After removing mean background values for all of the data points, Ki(app) data were calculated from non-linear regression analysis of the initial rate data using the Prism software package (GraphPad Prism version 3.0cx for Macintosh, GraphPad Software, San Diego Calif., USA).
Plk3 Inhibition Assay:Compounds were screened for their ability to inhibit Plk3 using a radioactive-phosphate incorporation assay. Assays were carried out in a mixture of 25 mM HEPES (pH 7.5), 10 mM MgCl2, and 1 mM DTT. Final substrate concentrations were 75 μM [γ-33P]ATP (60 mCi 33P ATP/mmol ATP, Amersham Pharmacia Biotech/Sigma Chemicals) and 10 μM peptide (SAM68 protein Δ332-443). Assays were carried out at 25° C. in the presence of 5 nM Plk3 (S38-A340).
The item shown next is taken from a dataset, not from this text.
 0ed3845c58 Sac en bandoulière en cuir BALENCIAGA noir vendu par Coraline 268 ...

An assay stock buffer solution was prepared containing all of the reagents listed above, with the exception of ATP and the test compound of interest. 30 μL of the stock solution was placed in a 96 well plate followed by addition of 2 μL of DMSO stock containing serial dilutions of the test compound (typically starting from a final concentration of 10 μM with 2-fold serial dilutions) in duplicate (final DMSO concentration 5%). The plate was pre-incubated for 10 minutes at 25° C. and the reaction initiated by addition of 8 μL [γ-33P]ATP (final concentration 75 μM).
The reaction was stopped after 60 minutes by the addition of 100 μL 0.14M phosphoric acid. A multiscreen phosphocellulose filter 96-well plate (Millipore, Cat no. MAPHN0B50) was pretreated with 100 μL 0.2M phosphoric acid prior to the addition of 125 μL of the stopped assay mixture. The plate was washed with 4×200 μL 0.2M phosphoric acid. After drying, 100 μL Optiphase ‘SuperMix’ liquid scintillation cocktail (Perkin Elmer) was added to the well prior to scintillation counting (1450 Microbeta Liquid Scintillation Counter, Wallac).
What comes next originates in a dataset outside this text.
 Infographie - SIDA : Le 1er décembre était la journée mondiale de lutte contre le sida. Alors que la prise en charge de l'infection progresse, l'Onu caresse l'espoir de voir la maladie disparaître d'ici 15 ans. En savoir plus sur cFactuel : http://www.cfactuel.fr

After removing mean background values for all of the data points, Ki(app) data were calculated from non-linear regression analysis of the initial rate data using the Prism software package (GraphPad Prism version 3.0cx for Macintosh, GraphPad Software, San Diego Calif., USA).
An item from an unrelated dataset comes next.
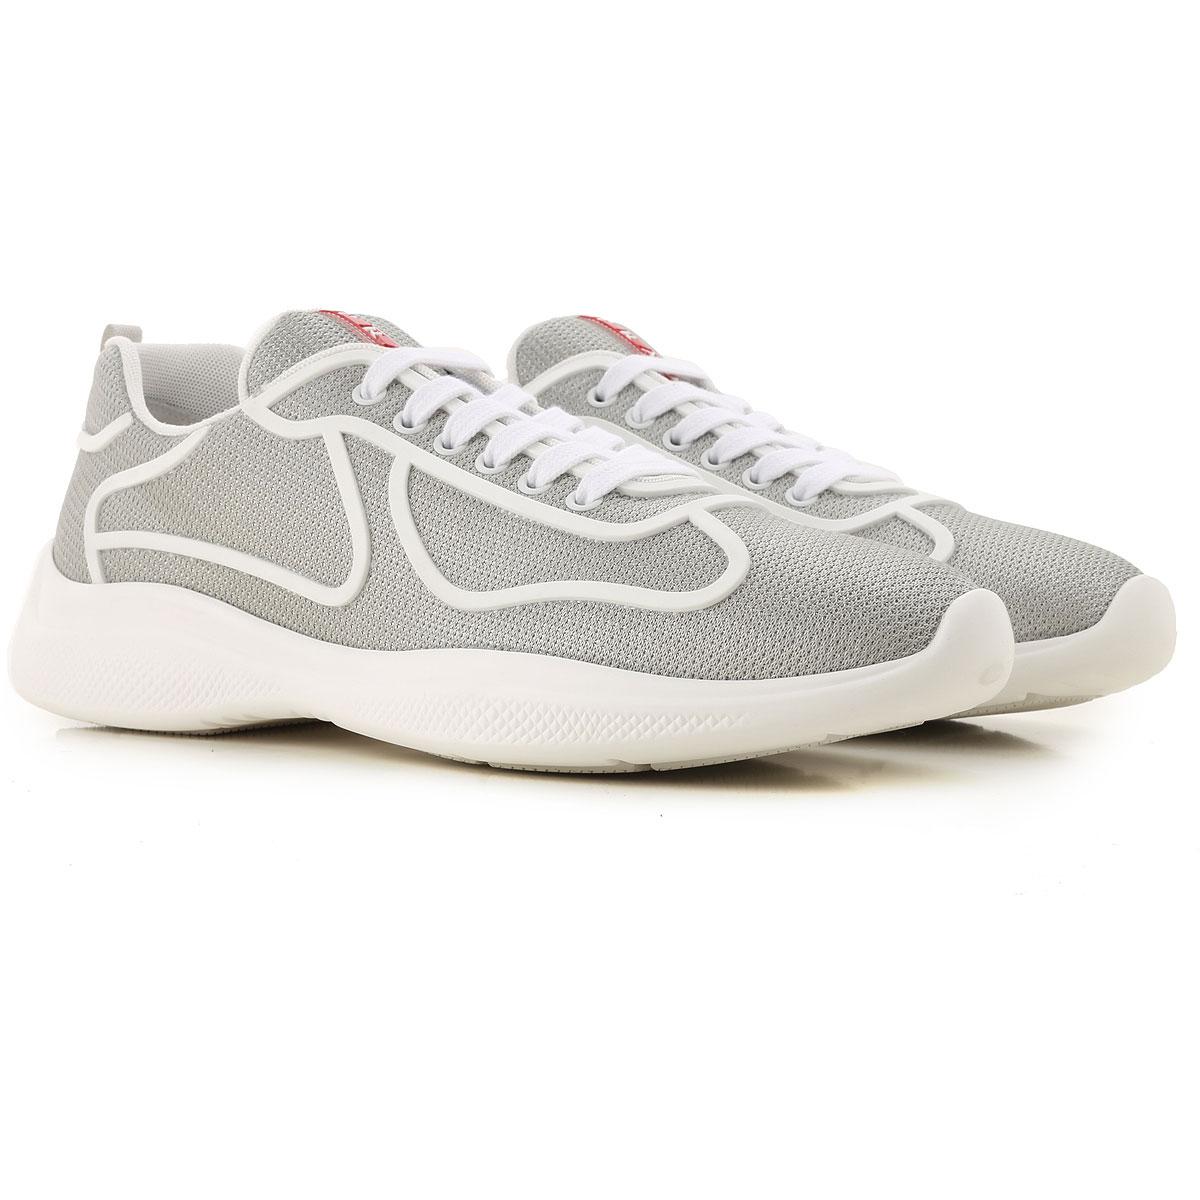 c5dd3bb3 Mens Shoes Prada, Style code: 4e3390-18l-f0an01

Plk4 Inhibition Assay:Compounds were screened for their ability to inhibit Plk4 using a radioactive-phosphate incorporation assay. Assays were carried out in a mixture of 8 mM MOPS (pH 7.5), 10 mM MgCl2, 0.1% BSA and 2 mM DTT. Final substrate concentrations were 15 μM [γ-33P]ATP (227 mCi 33P ATP/mmol ATP, Amersham Pharmacia Biotech/Sigma Chemicals) and 300 μM peptide (KKKMDATFADQ). Assays were carried out at 25° C. in the presence of 25 nM Plk4. An assay stock buffer solution was prepared containing all of the reagents listed above, with the exception of ATP and the test compound of interest. 30 μL of the stock solution was placed in a 96 well plate followed by addition of 2 μL of DMSO stock containing serial dilutions of the test compound (typically starting from a final concentration of 10 μM with 2-fold serial dilutions) in duplicate (final DMSO concentration 5%). The plate was pre-incubated for 10 minutes at 25° C. and the reaction initiated by addition of 8 μL [γ-33P]ATP (final concentration 15 μM).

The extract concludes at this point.